When characterizing dental materials, it is necessary to consider materials with reduced adverse biological effects on oral cells. Previous in vitro studies reported that the biological properties, particularly biocompatibility, are comparable between materials produced by additive, subtractive, and/or traditional techniques for both ceramics and resins [
27,
28]. However, our study showed large variability in terms of biological properties. As the biological mechanisms contributing to changes in the MTT test remain unclear, it is evident that differences in behavior may be predominantly associated with the duration of exposure. Consequently, it is advisable to scrutinize this aspect further and conduct experiments with extended time frames for a more comprehensive evaluation.

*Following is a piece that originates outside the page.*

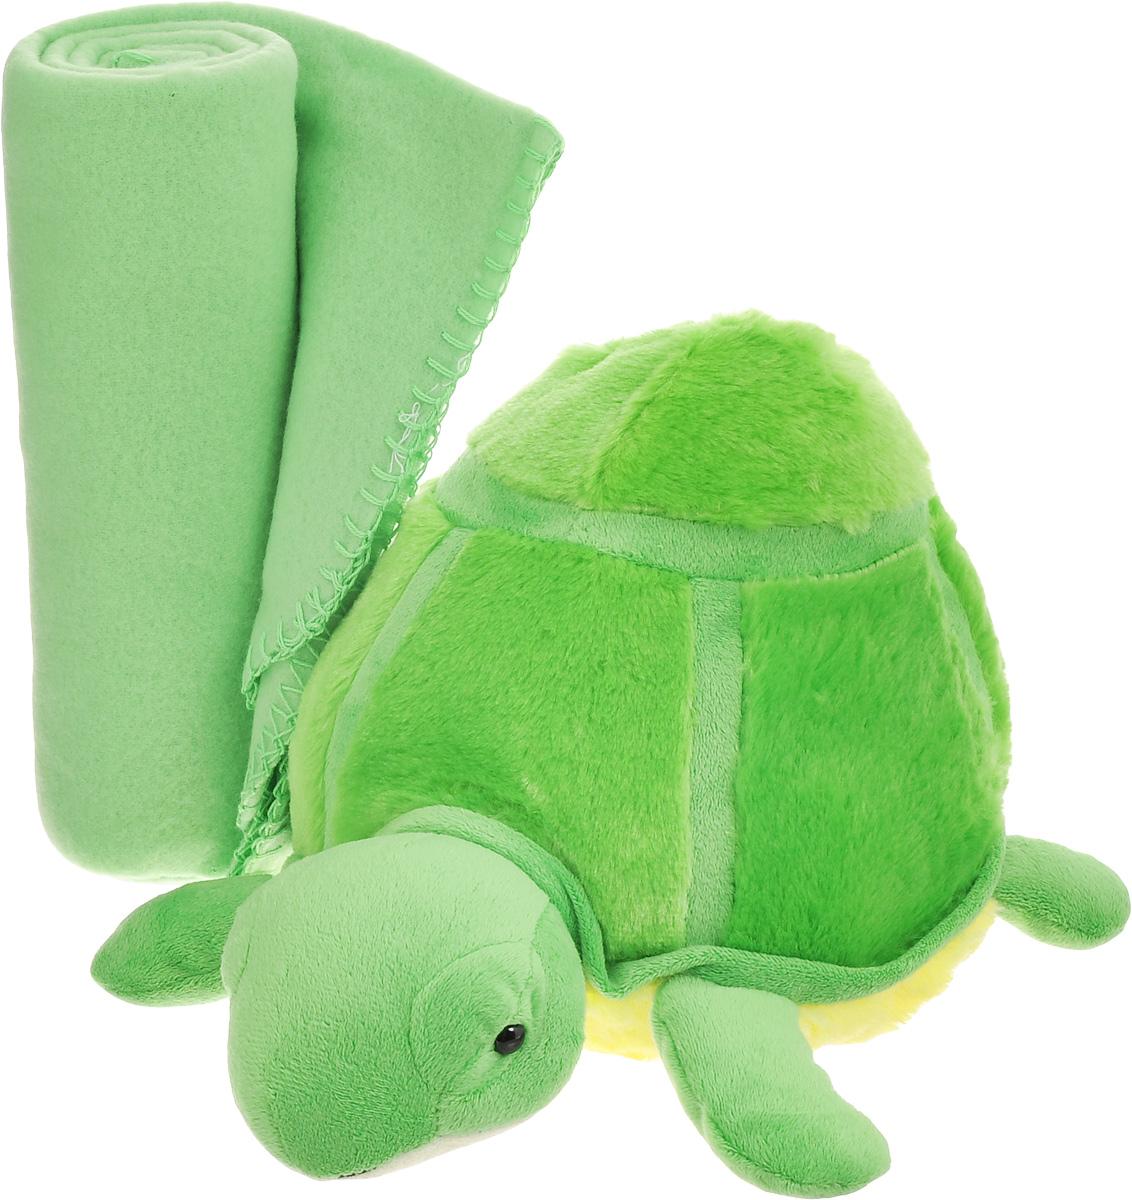 Набор Home Queen Черепашка: плед, игрушка, цвет: зеленый67427Набор Home Queen Черепашка состоит из мягконабивной игрушки и флисового пледа желтогоцвета. Мягкий флисовый плед согреет в прохладные вечера и сделает ваш дом уютным. Пледне скатывается и не вызывает аллергии, легко стирается и быстро сохнет. Таким пледом можноуютно укрыться дома или взять с собой в путешествие. Игрушка в виде черепашки изготовлена из приятного на ощупь плюша с мягким синтепономвнутри. Может использоваться как подушка.Набор Home Queen Черепашка - интересный и полезный подарок для ребенка. Плед и игрушкапрекрасно дополнят интерьер детской и порадуют вашего малыша.

Our results show how for oral keratinocytes at both 3 h and 24 h, there is a decrease in viability, although at 24 h, the cell numbers seem to increase. The ABS materials showed the most cytotoxicity. In addition, these samples showed great alterations post experiment, with a turbid culture medium, visible disc erosion, and the absorption of enough medium to cause a substantial decrease in the volume measured. The Polyjet-printed material also appeared to have absorbed much of the volume and altered the color of the specimen-disc (
Figures S1–S4). MF showed promising biological results, inducing increased viability in oral keratinocytes.
Limitations
The significant challenge we faced is that certain suppliers provided a range for the elastic modulus rather than a more precise value for specific materials (GV and EN). None of these manufacturers gave an uncertainty value. Of the existing standards, the elastic modulus of bending tests derived from the American Society for Testing and Materials (ASTM) International standards was evaluated. In the literature, it is difficult to find the elastic moduli of the same materials made by milling for comparison with AM printing because they are materials that cannot be made without 3D printing. Moreover, they are new materials, poorly studied in dentistry, and applied in other contexts with different analyses. The main difference turns out to be that milled ones have lower values in terms of flexural modulus.
It was noted that the mean of the PC material fell within the interquartile range of the boxplot, and the representation of the standard deviation was symmetrical. However, for other materials, although the boxplot appears contained within a narrower limit, the mean and standard deviation are displaced, resulting in more outliers. These anomalies could be attributed to internal cracks in the specimens, the chosen printing technique, printing conditions, material cooling, or machinery factors, even though the uncertainty value is reliable. Additionally, the time factor should be considered, as the tests extended over a prolonged period. Despite the specimens being maintained in a stable condition as per the manufacturers’ requirements, the duration between tests likely influenced the materials. The specimens may have accumulated moisture via humidity or experienced alterations in their original mechanical properties [
29].
Polymeric materials supplied by a company are usually used for making semi-definitive prosthetic restorations, and these resin materials can be made in any color. However, the supplier has provided specimens in colors such as dark blue that are not usually employed in dentistry. Coloring could certainly be an influencing factor for both mechanical and biological properties.
An additional limitation present in the literature is the lack of studies on oral cell populations and thus of previous information on biological properties with which to refer to and use as a basis for our research.